DATASET CONTENT:
· · · · ·

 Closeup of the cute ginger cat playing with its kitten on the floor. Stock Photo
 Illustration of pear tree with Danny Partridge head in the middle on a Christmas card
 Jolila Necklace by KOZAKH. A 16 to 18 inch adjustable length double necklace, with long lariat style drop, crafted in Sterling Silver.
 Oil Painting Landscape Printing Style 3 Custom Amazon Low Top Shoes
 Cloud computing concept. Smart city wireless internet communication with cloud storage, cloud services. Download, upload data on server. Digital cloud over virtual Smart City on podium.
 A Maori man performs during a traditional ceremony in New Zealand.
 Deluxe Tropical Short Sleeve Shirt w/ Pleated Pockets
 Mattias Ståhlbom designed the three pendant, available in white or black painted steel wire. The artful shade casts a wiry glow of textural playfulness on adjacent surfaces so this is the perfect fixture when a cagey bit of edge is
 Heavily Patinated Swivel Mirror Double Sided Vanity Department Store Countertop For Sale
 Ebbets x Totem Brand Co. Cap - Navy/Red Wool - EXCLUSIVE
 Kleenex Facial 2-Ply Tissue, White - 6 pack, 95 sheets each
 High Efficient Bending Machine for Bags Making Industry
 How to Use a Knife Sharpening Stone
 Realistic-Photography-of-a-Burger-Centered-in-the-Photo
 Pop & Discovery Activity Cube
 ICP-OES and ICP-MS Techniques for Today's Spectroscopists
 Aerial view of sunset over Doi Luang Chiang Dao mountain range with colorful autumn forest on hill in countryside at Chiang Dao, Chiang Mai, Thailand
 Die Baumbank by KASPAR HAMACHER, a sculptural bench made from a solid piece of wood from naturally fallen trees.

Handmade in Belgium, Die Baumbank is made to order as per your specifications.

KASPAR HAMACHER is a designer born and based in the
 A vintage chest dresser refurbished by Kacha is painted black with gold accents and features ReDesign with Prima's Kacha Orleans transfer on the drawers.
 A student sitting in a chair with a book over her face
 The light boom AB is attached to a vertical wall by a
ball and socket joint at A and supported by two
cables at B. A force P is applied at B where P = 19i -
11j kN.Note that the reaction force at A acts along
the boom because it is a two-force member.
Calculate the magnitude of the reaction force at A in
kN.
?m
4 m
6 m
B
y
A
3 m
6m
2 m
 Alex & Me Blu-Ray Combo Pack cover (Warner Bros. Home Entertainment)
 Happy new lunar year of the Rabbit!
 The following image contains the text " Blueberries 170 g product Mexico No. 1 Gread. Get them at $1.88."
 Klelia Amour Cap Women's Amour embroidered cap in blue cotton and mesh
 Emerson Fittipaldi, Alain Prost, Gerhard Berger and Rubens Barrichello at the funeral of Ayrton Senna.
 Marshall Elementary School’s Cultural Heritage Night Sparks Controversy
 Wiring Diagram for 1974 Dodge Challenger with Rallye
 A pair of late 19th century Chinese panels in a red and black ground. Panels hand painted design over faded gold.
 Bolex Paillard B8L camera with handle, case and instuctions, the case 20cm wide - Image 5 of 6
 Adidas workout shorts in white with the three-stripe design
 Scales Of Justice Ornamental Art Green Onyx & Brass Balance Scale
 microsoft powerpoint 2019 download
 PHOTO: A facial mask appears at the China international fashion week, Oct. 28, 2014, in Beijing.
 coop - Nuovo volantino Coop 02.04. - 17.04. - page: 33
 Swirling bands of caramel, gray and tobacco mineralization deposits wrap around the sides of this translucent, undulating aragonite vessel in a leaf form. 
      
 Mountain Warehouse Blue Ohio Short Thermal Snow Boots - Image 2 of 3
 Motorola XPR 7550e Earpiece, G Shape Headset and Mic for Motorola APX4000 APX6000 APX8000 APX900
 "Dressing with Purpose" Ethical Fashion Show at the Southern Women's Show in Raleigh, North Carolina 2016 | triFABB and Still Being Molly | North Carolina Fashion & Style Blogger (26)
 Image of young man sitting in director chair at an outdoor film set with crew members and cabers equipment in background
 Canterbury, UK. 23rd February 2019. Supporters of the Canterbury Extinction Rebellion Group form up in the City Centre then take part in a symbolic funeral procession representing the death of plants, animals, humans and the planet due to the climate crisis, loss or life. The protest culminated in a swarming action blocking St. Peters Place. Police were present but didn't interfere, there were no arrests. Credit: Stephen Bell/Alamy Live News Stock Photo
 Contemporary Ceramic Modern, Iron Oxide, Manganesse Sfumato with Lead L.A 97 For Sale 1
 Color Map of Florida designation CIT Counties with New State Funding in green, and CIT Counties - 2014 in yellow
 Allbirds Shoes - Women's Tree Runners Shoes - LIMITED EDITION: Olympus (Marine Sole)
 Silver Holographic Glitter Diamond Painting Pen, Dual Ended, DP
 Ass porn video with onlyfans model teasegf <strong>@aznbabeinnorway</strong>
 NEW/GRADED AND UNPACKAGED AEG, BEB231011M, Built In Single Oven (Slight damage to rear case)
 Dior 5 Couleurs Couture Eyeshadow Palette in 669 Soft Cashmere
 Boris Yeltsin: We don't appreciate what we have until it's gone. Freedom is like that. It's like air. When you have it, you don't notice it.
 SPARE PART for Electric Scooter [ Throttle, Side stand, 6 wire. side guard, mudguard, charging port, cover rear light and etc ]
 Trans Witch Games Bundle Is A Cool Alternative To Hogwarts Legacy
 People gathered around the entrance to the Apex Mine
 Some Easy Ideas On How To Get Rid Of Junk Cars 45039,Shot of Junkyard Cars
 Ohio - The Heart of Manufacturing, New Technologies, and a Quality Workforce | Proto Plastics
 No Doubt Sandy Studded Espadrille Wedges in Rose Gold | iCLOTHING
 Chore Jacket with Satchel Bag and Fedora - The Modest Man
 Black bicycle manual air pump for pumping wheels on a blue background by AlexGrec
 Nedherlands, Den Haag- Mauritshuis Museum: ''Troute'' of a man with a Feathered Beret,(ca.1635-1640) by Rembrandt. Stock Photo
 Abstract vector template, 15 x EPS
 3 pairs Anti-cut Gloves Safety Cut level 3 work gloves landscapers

· · · · ·

WHAT IS BEING ASKED: After locating the line with "Nedherlands, Den Haag- Mauritshuis" in the records above, please set down that line and all later ones exactly, and no other line.

REPLY:
 Nedherlands, Den Haag- Mauritshuis Museum: ''Troute'' of a man with a Feathered Beret,(ca.1635-1640) by Rembrandt. Stock Photo
 Abstract vector template, 15 x EPS
 3 pairs Anti-cut Gloves Safety Cut level 3 work gloves landscapers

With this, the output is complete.